Cuddling Up With Some Cold Weather Reds

Wednesday, January 28, 2009

Unless you lived in Burns and never ventured outside, you would have noticed that it's freezing outside.

Cold weather doesn't exactly make a tall frosty beer seem appealing, nor does it make me want to sip on a chilled glass of sauvignon blanc. I tend to drink much more red wine when the thermometer starts plunging. Cold weather calls for what I have dubbed "cold weather reds" - sturdy wines that fortify the spirit, warm the body, and go well with winter fare.

Looking on the web, there are many people who love to drink cabernet sauvignon in the winter months. This makes sense because cabernets are usually fuller-bodied wines, with loads of tannins (the bitter compounds found in grape skins that make your mouth feel dry). It does not make so much sense to me, personally, because (1) cabernets from my home state of California are pretty expensive, and (2) most cabernets, I would argue, need some cellaring to mellow out the harshness of the tannins.

If you want a good, young, and inexpensive cabernet, you would be well-advised to seek out cabernets outside of California and France. Chile offers some great cabernets, as does South Africa (look for those from the Stellenbosch region). Domestically, I would recommend Washington State's Chateau Ste. Michelle's cabernet sauvignon, which you can get at Trader Joe's for about $15.00. It's medium-bodied, plummy, and delicious.

If you want hearty, and if you had a few extra bucks to spare, I would jump to the Ribera del Duero region of Spain. Their wines are made from tinto fino (tempranillo). The wines of this appellation evoke dry, dusty riverbeds: they are dark and powerful, tragic and beautiful, dusky and dry. One of my favorite wines is the Tinto Pesquera crianza, which you can find at any wine store in the area for about $32.00-$38.00. Can you say "steak"?

If you want equal power but want to spend about half as much, stay in Spain with the 2005 Juan Gil monastrell ($16.00) from the Jumilla appellation. I found this one to be big, tannic, and expressive, but with as much fruit and spice as the Tinto Pesquera had earth and leather.

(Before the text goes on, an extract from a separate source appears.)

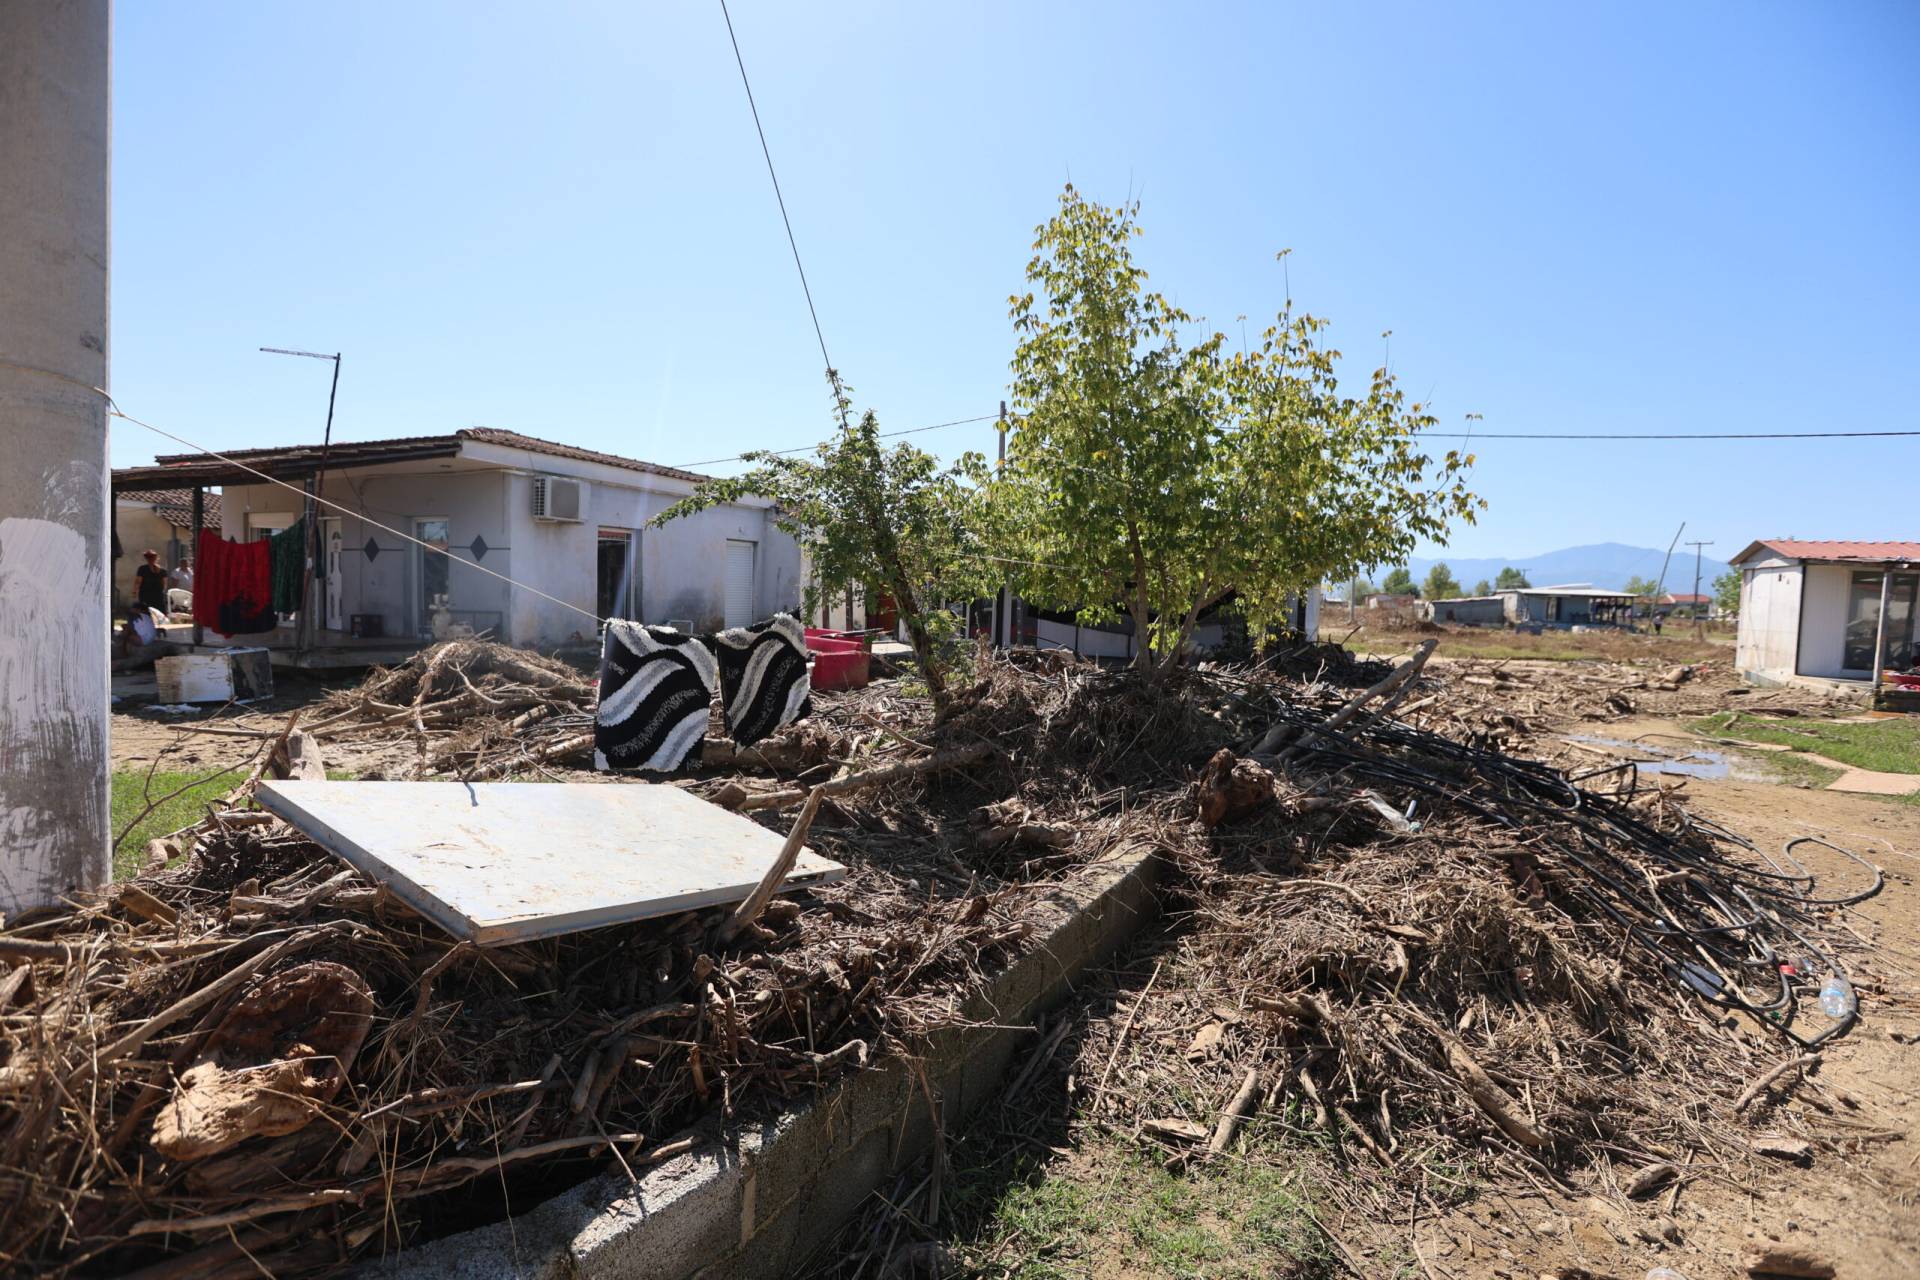 Άρχισε η καταβολή αποζημιώσεων για οικοσκευές  στις πληγείσες περιοχές – Αυτοψίες από κλιμάκια στα χωριά του Θεσσαλικού κάμπου

We shouldn't be overlooking France. France has many smaller or less-prestigious appellations that offer great deals. The Côtes du Rhône, in particular, is an excellent source of low-cost, high-value cold weather reds. Their red wines are almost always blends made of grenache, syrah, mourvedre, cinsaut, carignan-up to 23 different types of grapes. Two great examples are the 2005 Domaine de Piaugier "La Grange de Piaugier" ($9.00-$12.00) and the 2006 Domaine Clavel "Les Garrigues" ($12.00 - $15.00). Both are light- to medium-bodied, have a good balance between tannins and acid, and possess a nice herbaceous quality. Wines from the Côtes du Rhône are often described as "rustic," and I like to drink them with anything seasoned with thyme or rosemary and garlic.

Châteauneuf-du-Pape is a famous appellation in the Southern Rhône. In the words of wine expert Karen MacNeil, "these are penetrating, dense, sassy wines that can come at you with a dagger of earthy, gamy flavors. They have a wildness to them, a fascinating edge of tar, leather, and rough stone." I recently lucked out and discovered that Trader Joe's was liquidating (pun intended) bottles of the 2003 Domaine La Roquète Châteauneuf-du-Pape for $13.99 each (normal retail: around $30.00). My roommate and I bought ten bottles. It is everything Ms. MacNeil has attributed to Châteauneuf-du-Pape wines, absolutely delicious with lamb and rabbit and a steal even at a higher price.

If you absolutely have to drink a white wine, I would recommend a German Riesling. Rieslings are typically off-dry (slightly sweet) or sweet, and have great minerality and acidity. They pair quite well with Thai or Chinese food, and the dry varieties pair well with sushi and sashimi. One of my favorites-if you can find it-is the 2005 Ch. W. Bernhard Hackenheimer Kirchberg Scheurebe Spätlese (whew!), which retails for about $25.00. I consider this more of an autumnal wine because it has a beautifully silky, honeyed texture, evocative of the first falling golden leaves and cold breezes of the season. A more common and less expensive Riesling is the basic screw top bottle from Dr. Loosen ($18.00): good, off-dry, and easygoing.